我读到了那个条款,我不明白为什么我需要它。 该函数的作用是什么?SQL OVER()子句-何时以及为什么它有用?,sql,sql-server,aggregate-functions,clause,Sql,Sql Server,Aggregate Functions,Clause,我读到了那个条款,我不明白为什么我需要它。 该函数的作用是什么?按分区做什么? 为什么我不能通过编写按SalesOrderID分组进行查询?子句的强大之处在于,无论您是否使用按分组,您都可以在不同的范围内进行聚合(“窗口化”) 示例:获取每个SalesOrderID的计数和所有的计数 USE AdventureWorks2008R2; GO SELECT SalesOrderID, ProductID, OrderQty ,SUM(OrderQty) OVER(PARTITION
按
分区做什么?
为什么我不能通过编写
按SalesOrderID分组进行查询?子句的强大之处在于,无论您是否使用按
分组,您都可以在不同的范围内进行聚合(“窗口化”)
示例:获取每个SalesOrderID的计数和所有的计数
USE AdventureWorks2008R2;
GO
SELECT SalesOrderID, ProductID, OrderQty
,SUM(OrderQty) OVER(PARTITION BY SalesOrderID) AS 'Total'
,AVG(OrderQty) OVER(PARTITION BY SalesOrderID) AS 'Avg'
,COUNT(OrderQty) OVER(PARTITION BY SalesOrderID) AS 'Count'
,MIN(OrderQty) OVER(PARTITION BY SalesOrderID) AS 'Min'
,MAX(OrderQty) OVER(PARTITION BY SalesOrderID) AS 'Max'
FROM Sales.SalesOrderDetail
WHERE SalesOrderID IN(43659,43664);
获取不同的计数
s,无分组依据
SELECT
SalesOrderID, ProductID, OrderQty
,COUNT(OrderQty) AS 'Count'
,COUNT(*) OVER () AS 'CountAll'
FROM Sales.SalesOrderDetail
WHERE
SalesOrderID IN(43659,43664)
GROUP BY
SalesOrderID, ProductID, OrderQty
OVER子句在与PARTITION BY state组合时表示,前面的函数调用必须通过计算查询返回的行来分析完成。将其视为一个内联GROUPBY语句
OVER(按SalesOrderID划分)
说明了对于SUM、AVG等。。。函数,返回查询返回的记录子集上的值,并按外键SalesOrderID对该子集进行分区
因此,我们将对每个唯一SalesOrderID的每个OrderQty记录求和,该列名将被称为“Total”

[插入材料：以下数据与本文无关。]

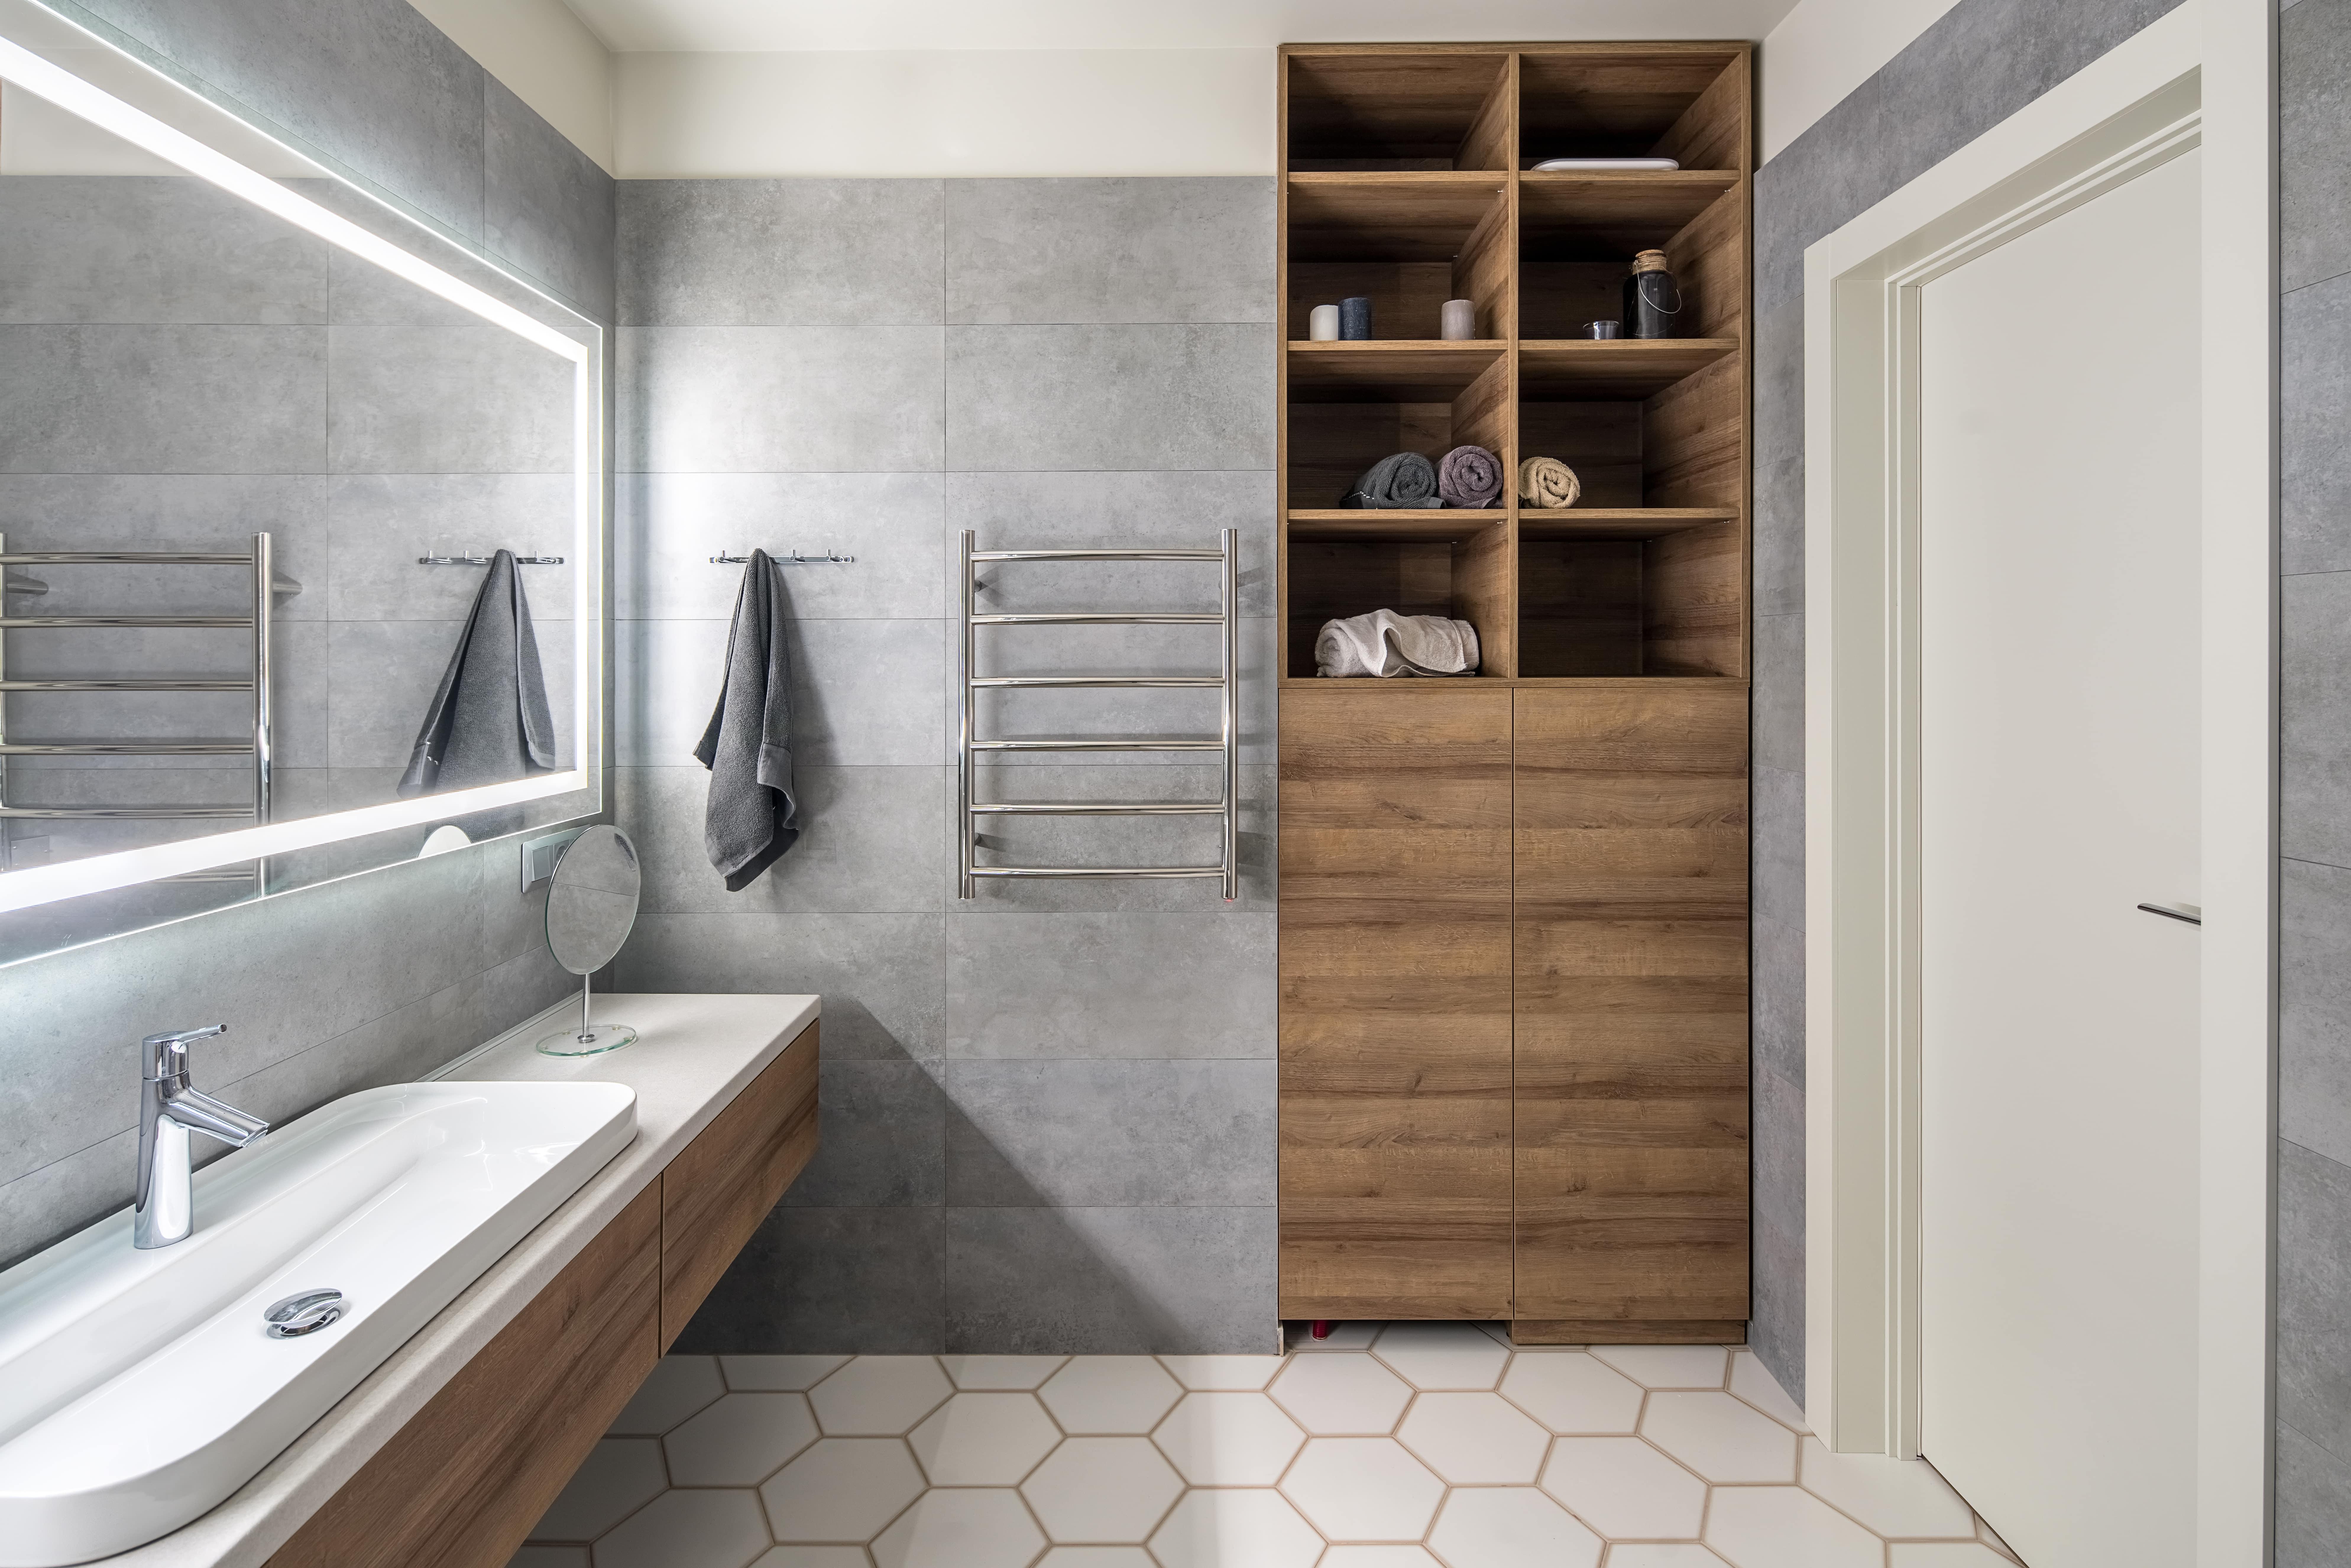 Łazienka w bloku - funkcjonalne rozwiązania do małej łazienki

这是一种比使用多个内联视图查找相同信息更有效的方法。您可以将此查询放在内联视图中,然后根据Total进行筛选
SELECT
SalesOrderID, ProductID, OrderQty
,COUNT(OrderQty) OVER(PARTITION BY SalesOrderID) AS 'CountQtyPerOrder'
,COUNT(OrderQty) OVER(PARTITION BY ProductID) AS 'CountQtyPerProduct',
,COUNT(*) OVER () AS 'CountAllAgain'
FROM Sales.SalesOrderDetail
WHERE
SalesOrderID IN(43659,43664)
选择。。。,
从(您的查询)inlineview
其中总计<200
如果只想按SalesOrderID进行分组,则无法在SELECT子句中包含ProductID和OrderQty列
PARTITION BY子句允许您分解聚合函数。一个明显且有用的示例是,如果您希望为订单上的订单行生成行号:
SELECT ...,
FROM (your query) inlineview
WHERE Total < 200
(我的语法可能有点错误)
然后你会得到类似的结果:
SELECT
O.order_id,
O.order_date,
ROW_NUMBER() OVER(PARTITION BY O.order_id) AS line_item_no,
OL.product_id
FROM
Orders O
INNER JOIN Order_Lines OL ON OL.order_id = O.order_id
您可以使用按SalesOrderID分组
。不同之处在于,对于GROUP BY,您只能拥有GROUP BY中未包含的列的聚合值
相反,使用窗口聚合函数而不是GROUP BY,可以检索聚合值和非聚合值。也就是说,尽管您在示例查询中没有这样做,但您可以在相同的SalesOrderID
s组上检索单个OrderQty
值及其总和、计数、平均值等
下面是一个实际的例子,说明了为什么窗口聚合非常好。假设您需要计算每个值占总值的百分比。如果没有窗口聚合,您必须首先导出聚合值列表,然后将其连接回原始行集,即如下所示:
order_id order_date line_item_no product_id
-------- ---------- ------------ ----------
1 2011-05-02 1 5
1 2011-05-02 2 4
1 2011-05-02 3 7
2 2011-05-12 1 8
2 2011-05-12 2 1
现在看看如何对窗口聚合执行相同操作:
SELECT
orig.[Partition],
orig.Value,
orig.Value * 100.0 / agg.TotalValue AS ValuePercent
FROM OriginalRowset orig
INNER JOIN (
SELECT
[Partition],
SUM(Value) AS TotalValue
FROM OriginalRowset
GROUP BY [Partition]
) agg ON orig.[Partition] = agg.[Partition]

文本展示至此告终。